Wednesday, January 10, 2018

Leveraging putative enhancer-promoter interactions to investigate two-way epistasis in Type 2 Diabetes GWAS

We presented this paper at the 2018 Pacific Symposium on Biocomputing. This is an effort to incorporate functional genomics annotations into epistasis analysis in regulatory regions.

Manduchi E, Chesi A, Hall MA, Grant SFA, Moore JH. Leveraging putative enhancer-promoter interactions to investigate two-way epistasis in Type 2 Diabetes GWAS. Pac Symp Biocomput. 2018;23:548-558. [PDF]

We utilized evidence for enhancer-promoter interactions from functional genomics data in order to build biological filters to narrow down the search space for two-way Single Nucleotide Polymorphism (SNP) interactions in Type 2 Diabetes (T2D) Genome Wide Association Studies (GWAS). This has led us to the identification of a reproducible statistically significant SNP pair associated with T2D. As more functional genomics data are being generated that can help identify potentially interacting enhancer-promoter pairs in larger collection of tissues/cells, this approach has implications for investigation of epistasis from GWAS in general.

Monday, January 01, 2018

Gene Medic - a retro edutainment game for the Atari 2600

I am please to announce the release of my new retro edutainment game of genome medicine for the Atari 2600 video computer system (VCS). The game is called Gene Medic and the goal is to edit a patient's mutations to restore health. You can find information about the game along with the binary and source core here.

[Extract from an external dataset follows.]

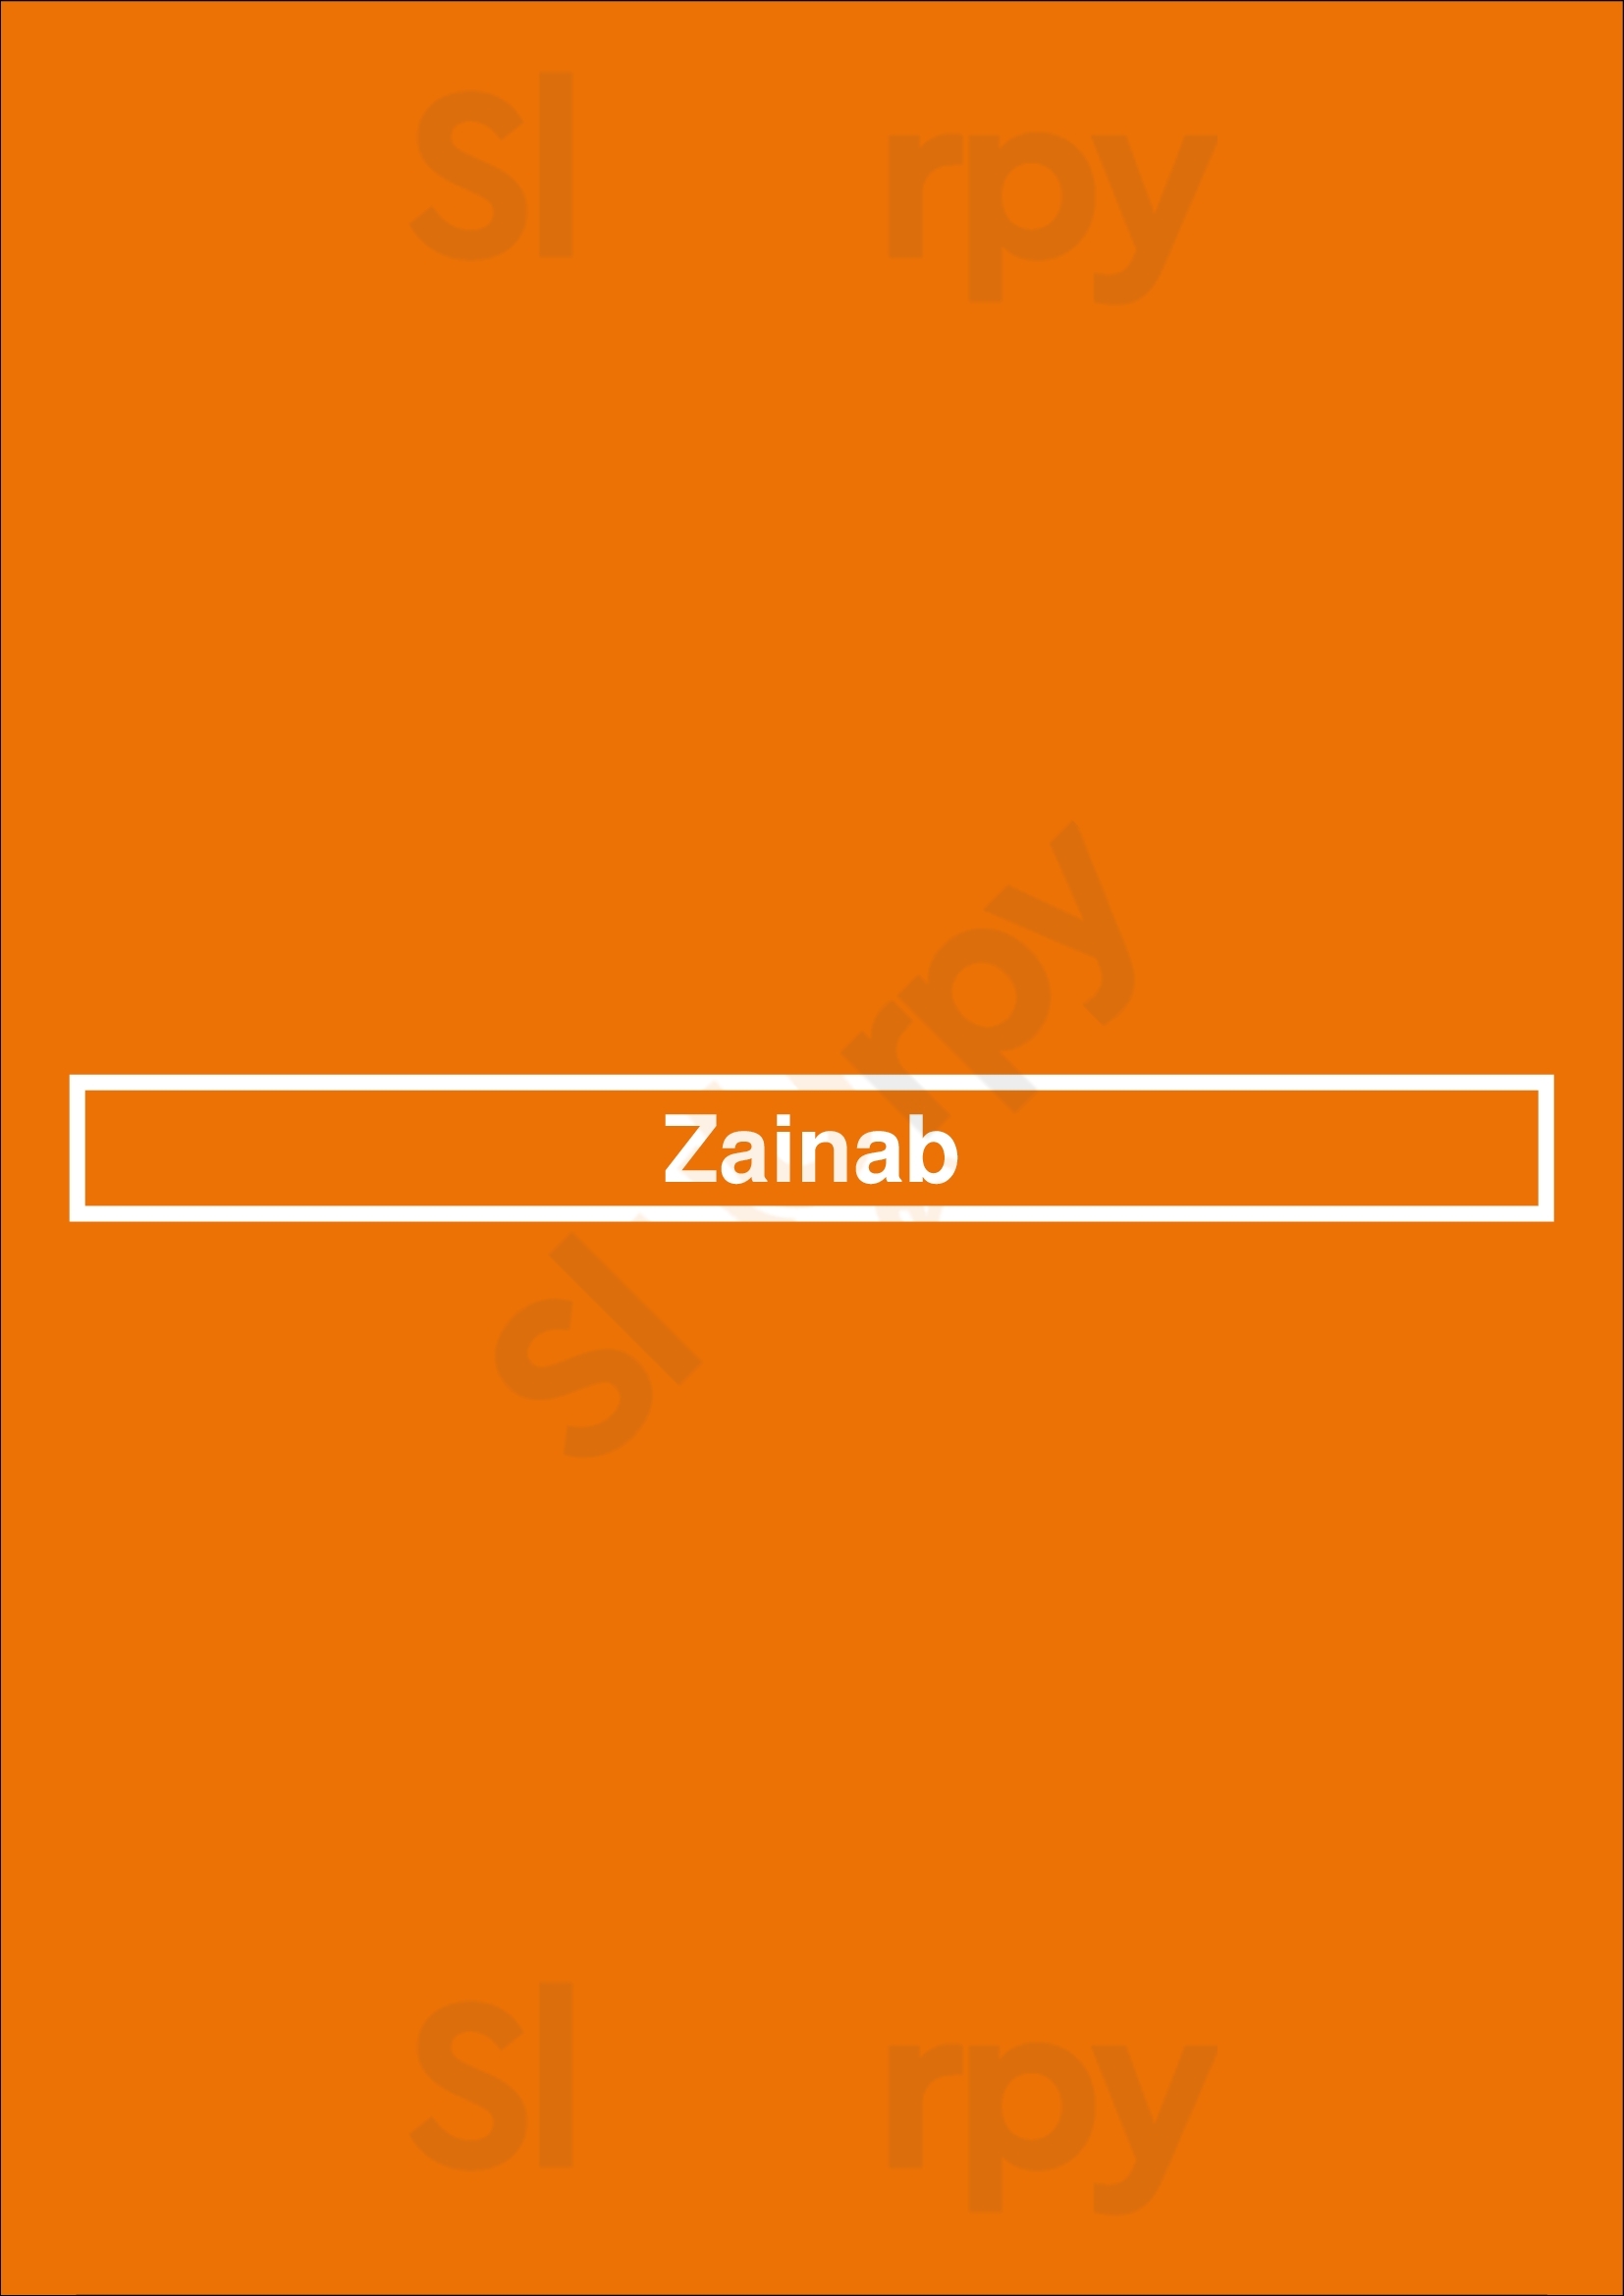 Zainab' Kitchen London Menu - 1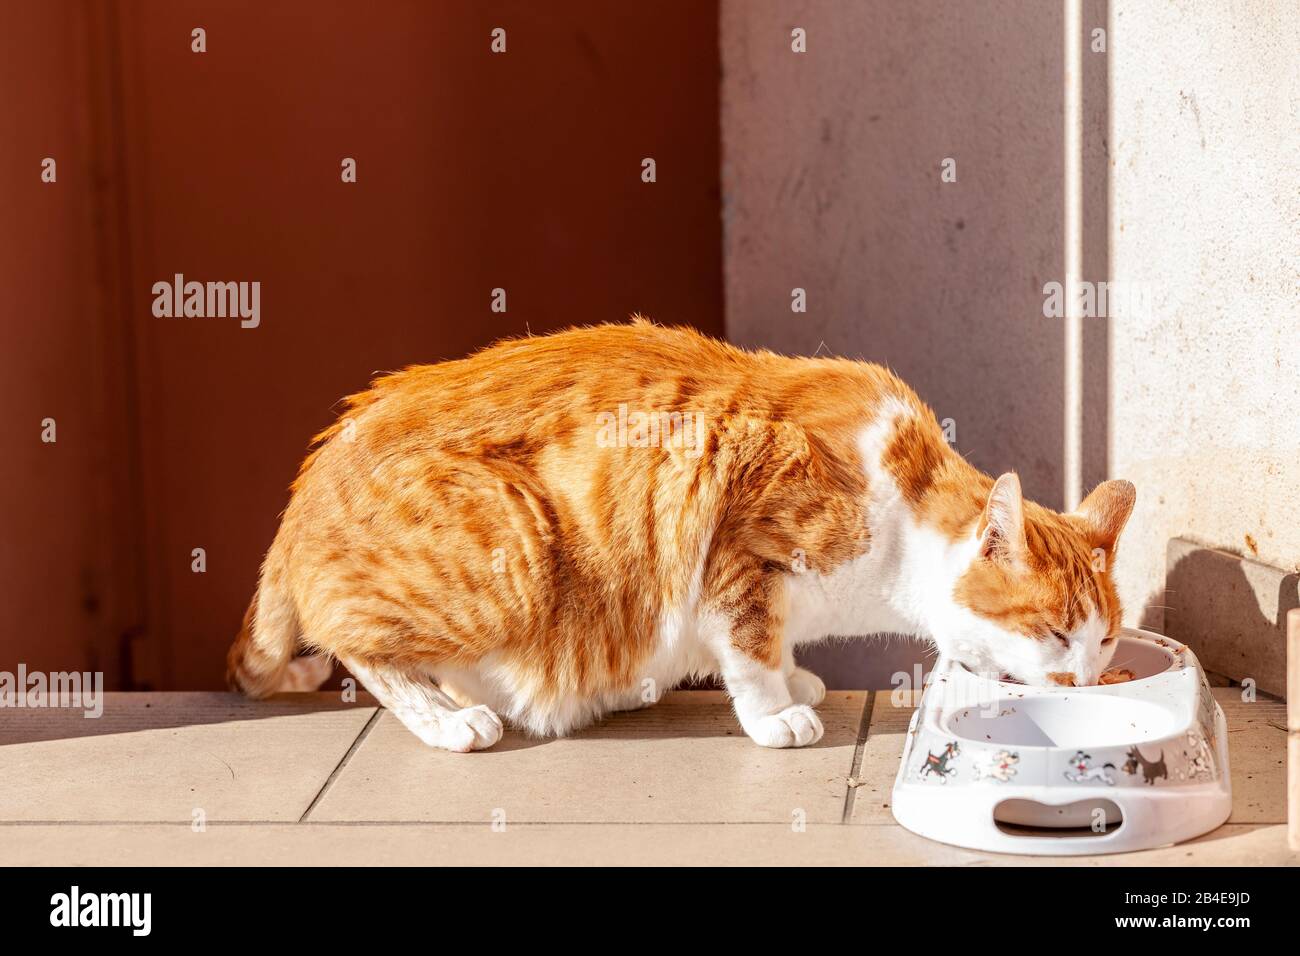 Cat eats from feeding bowl Stock Photo

Wednesday, December 20, 2017

PMLB: a large benchmark suite for machine learning evaluation and comparison

The paper describing our machine learning benchmark data has been published.

Olson RS, La Cava W, Orzechowski P, Urbanowicz RJ, Moore JH. PMLB: a large benchmark suite for machine learning evaluation and comparison. BioData Min. 2017 Dec 11;10:36. [PDF]

BACKGROUND: The selection, development, or comparison of machine learning methods in data mining can be a difficult task based on the target problem and goals of a particular study. Numerous publicly available real-world and simulated benchmark datasets have emerged from different sources, but their organization and adoption as standards have been inconsistent. As such, selecting and curating specific benchmarks remains an unnecessary burden on machine learning practitioners and data scientists.

RESULTS: The present study introduces an accessible, curated, and developing public benchmark resource to facilitate identification of the strengths and weaknesses of different machine learning methodologies. We compare meta-features among the current set of benchmark datasets in this resource to characterize the diversity of available data. Finally, we apply a number of established machine learning methods to the entire benchmark suite and analyze how datasets and algorithms cluster in terms of performance. From this study, we find that existing benchmarks lack the diversity to properly benchmark machine learning algorithms, and there are several gaps in benchmarking problems that still need to be considered.

CONCLUSIONS: This work represents another important step towards understanding the limitations of popular benchmarking suites and developing a resource that connects existing benchmarking standards to more diverse and efficient standards in the future.